Google Cloud SQL is a fully managed relational database service that supports MySQL, PostgreSQL, and SQL Server on Google Cloud Platform. While it offloads much of the infrastructure management, database performance and replication health do not manage themselves. Slow queries, connection exhaustion, storage pressure, and replication lag can silently degrade your application long before alerts fire.

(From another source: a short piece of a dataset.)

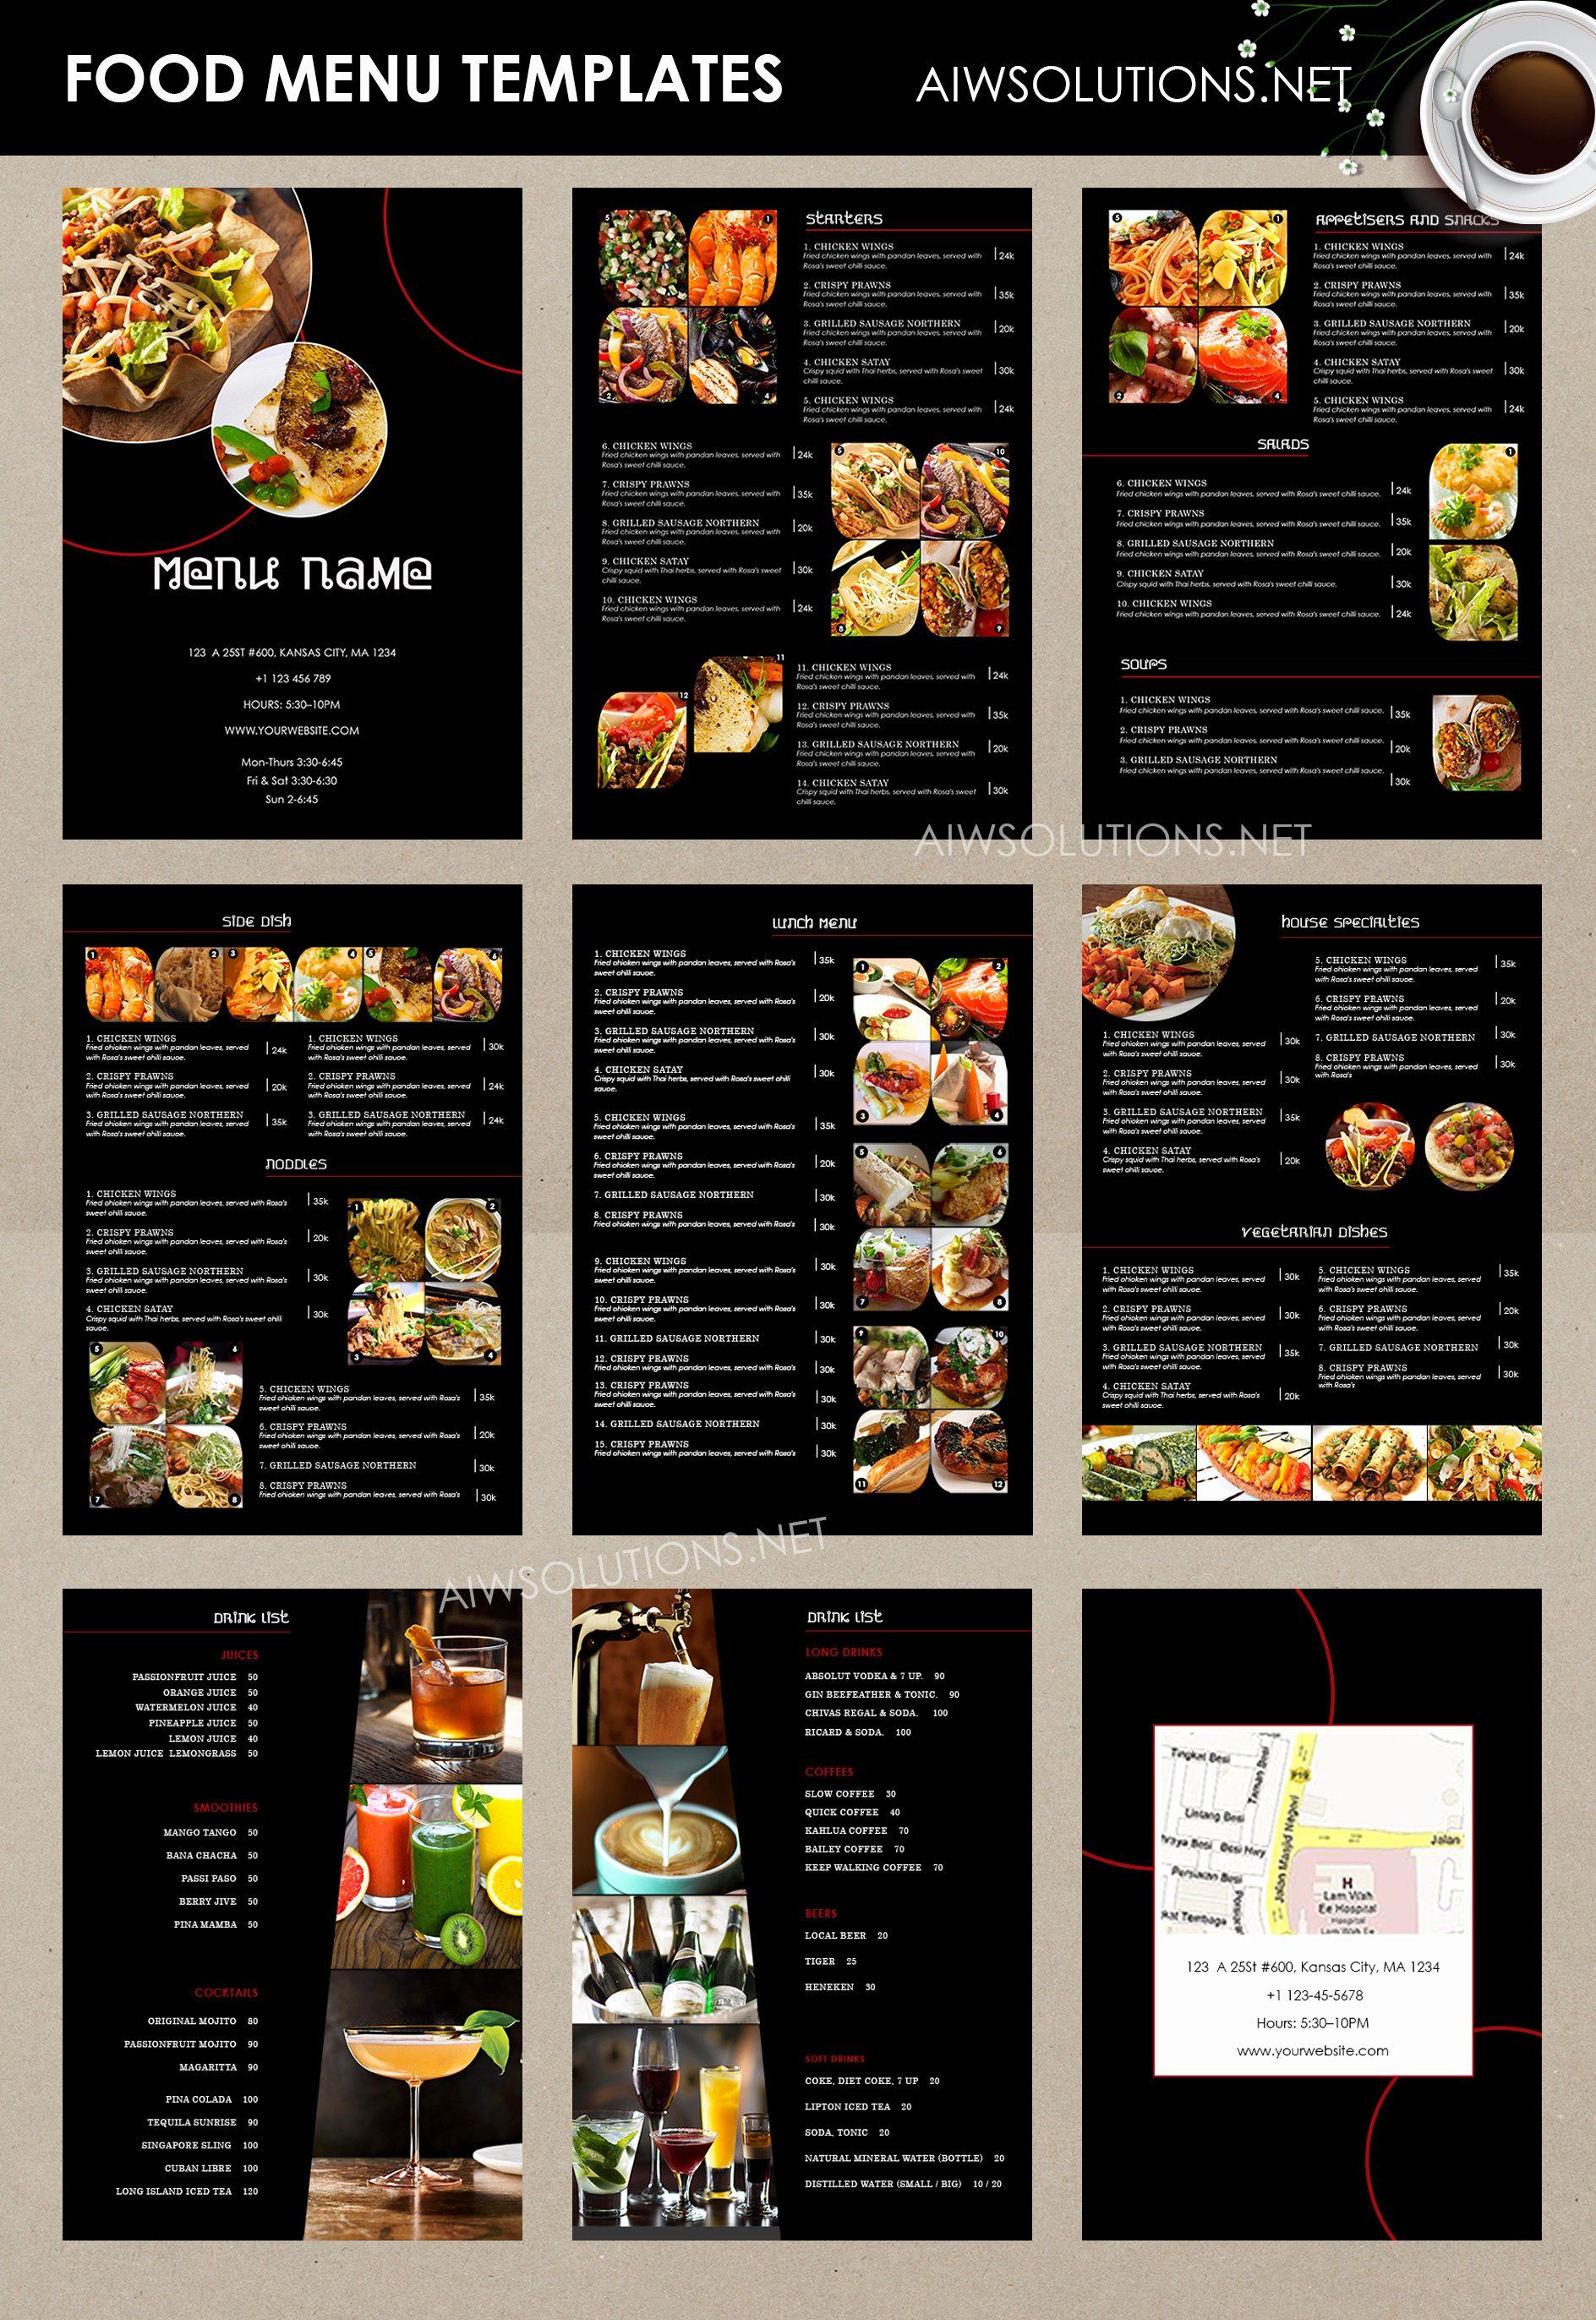 Bar Menu Template Free New Design & Templates Menu Templates Wedding Menu Food

This guide walks you through the key metrics to track, the built-in and third-party tools available, and a practical approach to setting up Google Cloud SQL monitoring for both performance and replication.
Key Takeaways
- ✔ Google Cloud SQL monitoring is built on Cloud Monitoring (formerly Stackdriver). All metrics are available there by default.
- ✔ The most critical performance metrics are CPU utilization, memory usage, disk I/O, active connections, and query latency.
-
✔ For replication, the primary metric to watch is
database/replication/replica_lag, which measures how far behind a read replica is from the primary. - ✔ Query Insights provides query-level visibility for diagnosing slow queries, available for MySQL and PostgreSQL.
- ✔ Third-party tools (Datadog, New Relic, Sumo Logic, Dynatrace) extend Cloud SQL monitoring with richer dashboards, anomaly detection, and cross-stack correlation.
-
✔ Set alerting policies on CPU (>80%), storage (>85%), active connections nearing
max_connections, and replication lag exceeding acceptable thresholds.
Why Google Cloud SQL Monitoring Matters
Most Cloud SQL performance issues do not surface as a single obvious failure. The first signs are typically a slow API response, a checkout page timing out, or a report taking ten seconds longer than expected. By the time users notice, the problem has usually been building for minutes or hours.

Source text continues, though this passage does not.